American healthcare administrator

Risa J. Lavizzo-Mourey (born September 25, 1954) is an American medical doctor and executive who served as president and CEO of the Robert Wood Johnson Foundation from 2003 to 2017. She was the first woman and the first African-American to head the foundation, which has an endowment of about $8 billion and distributes more than $400 million a year. She has been named one of the 100 Most Powerful Women by Forbes several times, and one of The Grio's History Makers in the Making.
She was elected a Member of the American Philosophical Society in 2016.

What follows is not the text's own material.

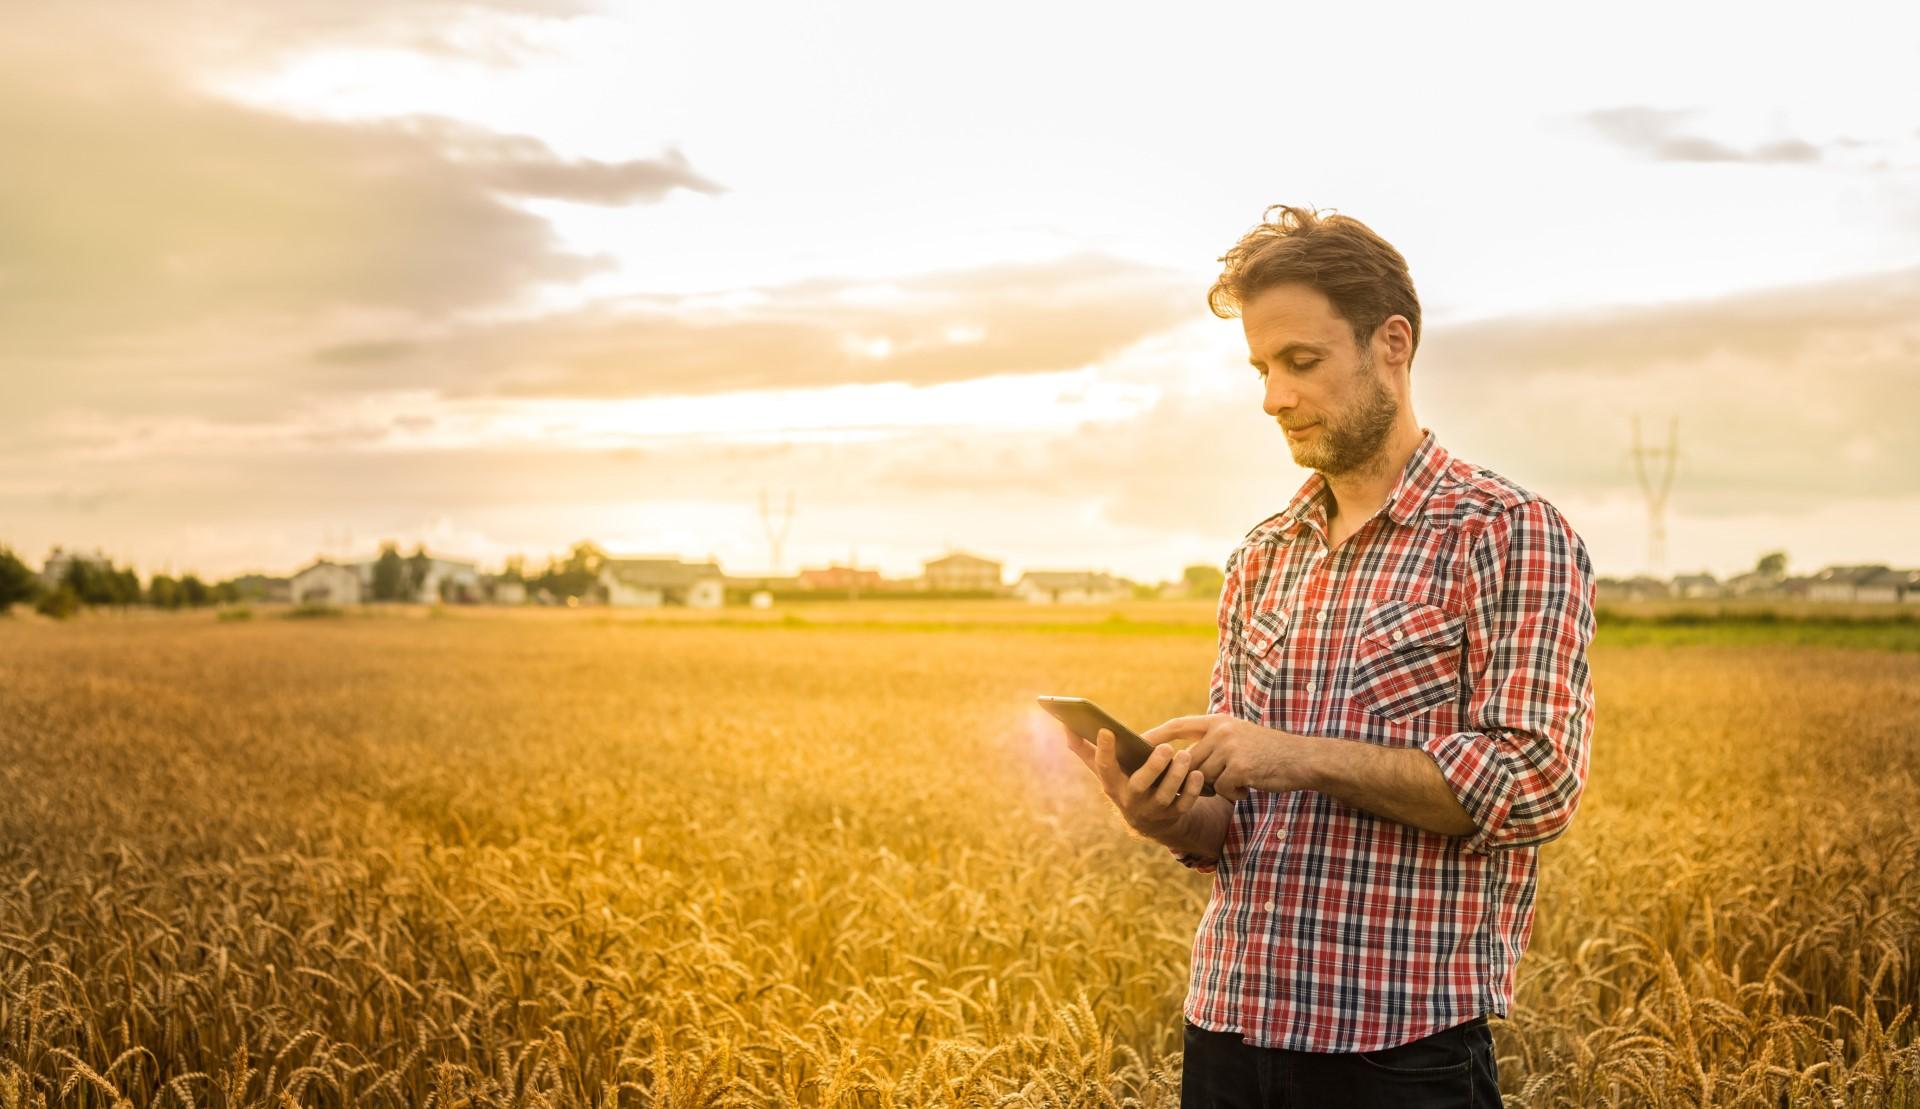 Agriculteur sur sa tablette devant un un champ de céréales.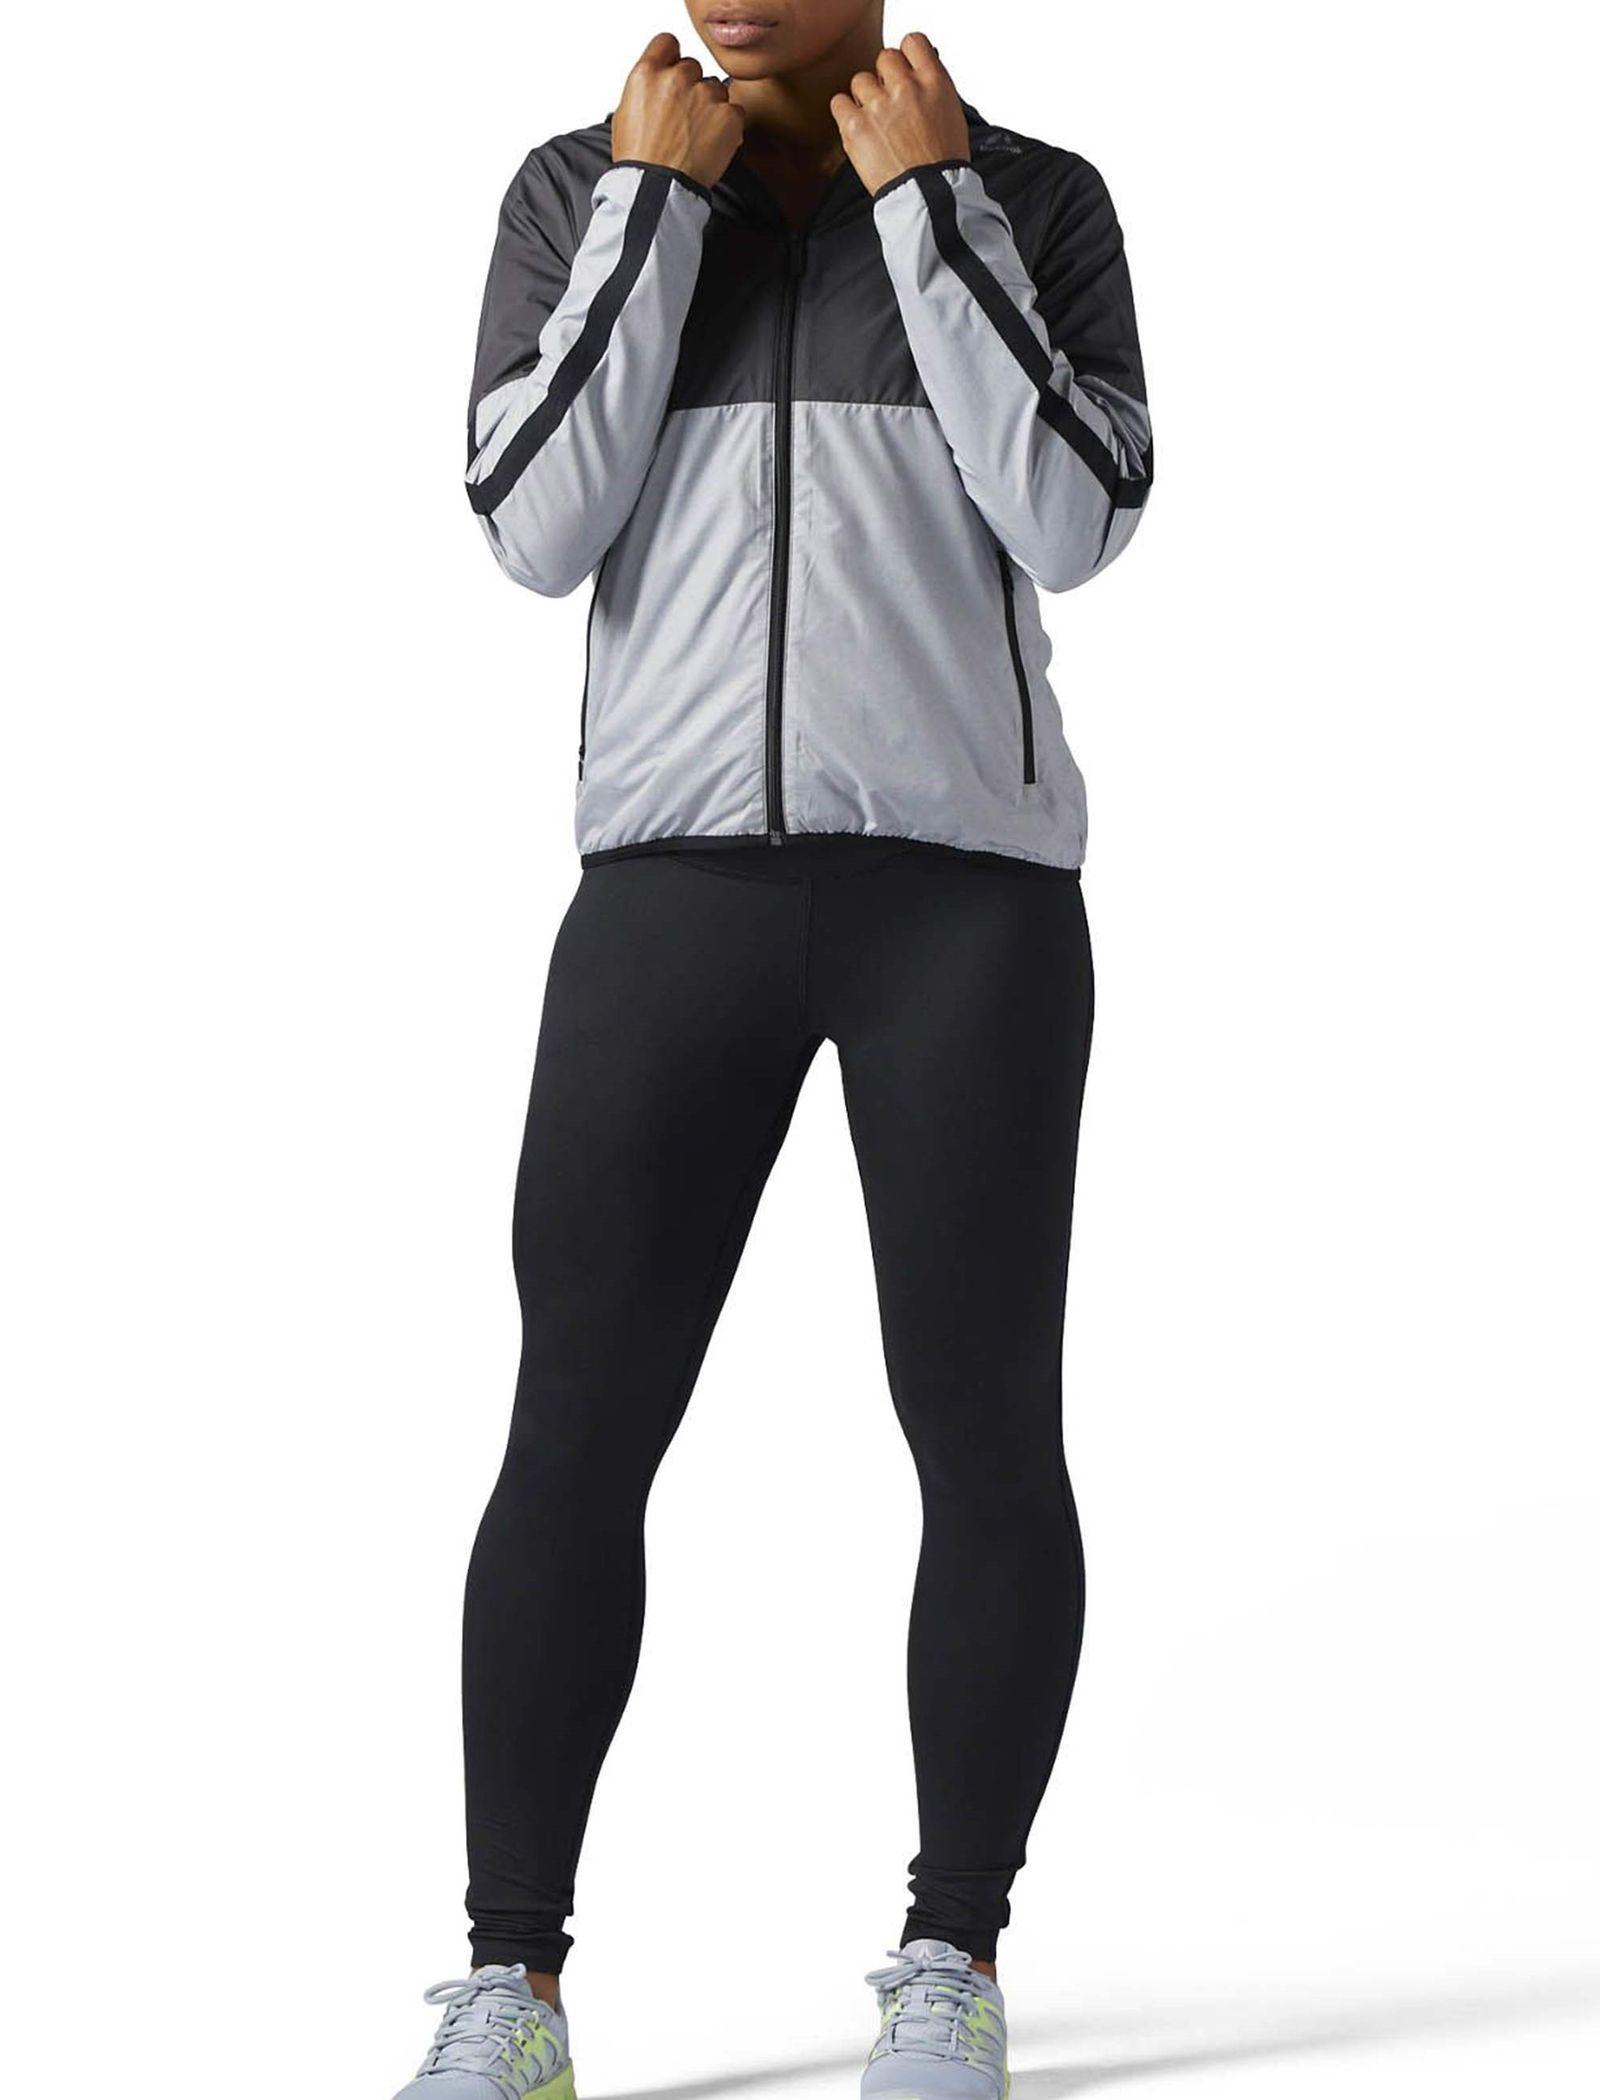 ست گرمکن ورزشی زنانه EL TS SPORT - ریباک - مشکي - 6

==Education and early career==
Born in Seattle, Washington, in 1954, Risa Lavizzo-Mourey attended The Bush School and obtained an undergraduate degree at the State University of New York at Stony Brook, her M.D. at Harvard Medical School and completed her internship and residency at Brigham and Women's Hospital in Boston. In 1984, she was named a Robert Wood Johnson Foundation Clinical Scholar at the University of Pennsylvania, and received her Master of Business Administration degree in health care administration from the University of Pennsylvania's Wharton School in 1986. She is master and former regent of the American College of Physicians, where she chaired its committees on ethics and human rights.

==Career==
Lavizzo-Mourey joined the Robert Wood Johnson Foundation in April 2001 as a senior vice president and director of its Health Care Group. Prior to joining the foundation, she served as director of the Institute on Aging, at the University of Pennsylvania; as well as chief of the division of geriatric medicine; Sylvan Eisman Professor of Medicine and Health Care Systems; and associate chief of staff for geriatrics and extended care for the Philadelphia Veterans Administration Medical Center. She also served in the United States Department of Health and Human Services as deputy administrator of the Agency for Healthcare Policy and Research (now known as the Agency for Healthcare Research and Quality). Lavizzo-Mourey was a member of the White House Task Force on Health Care Reform and served as a consultant to the White House on issues of health policy.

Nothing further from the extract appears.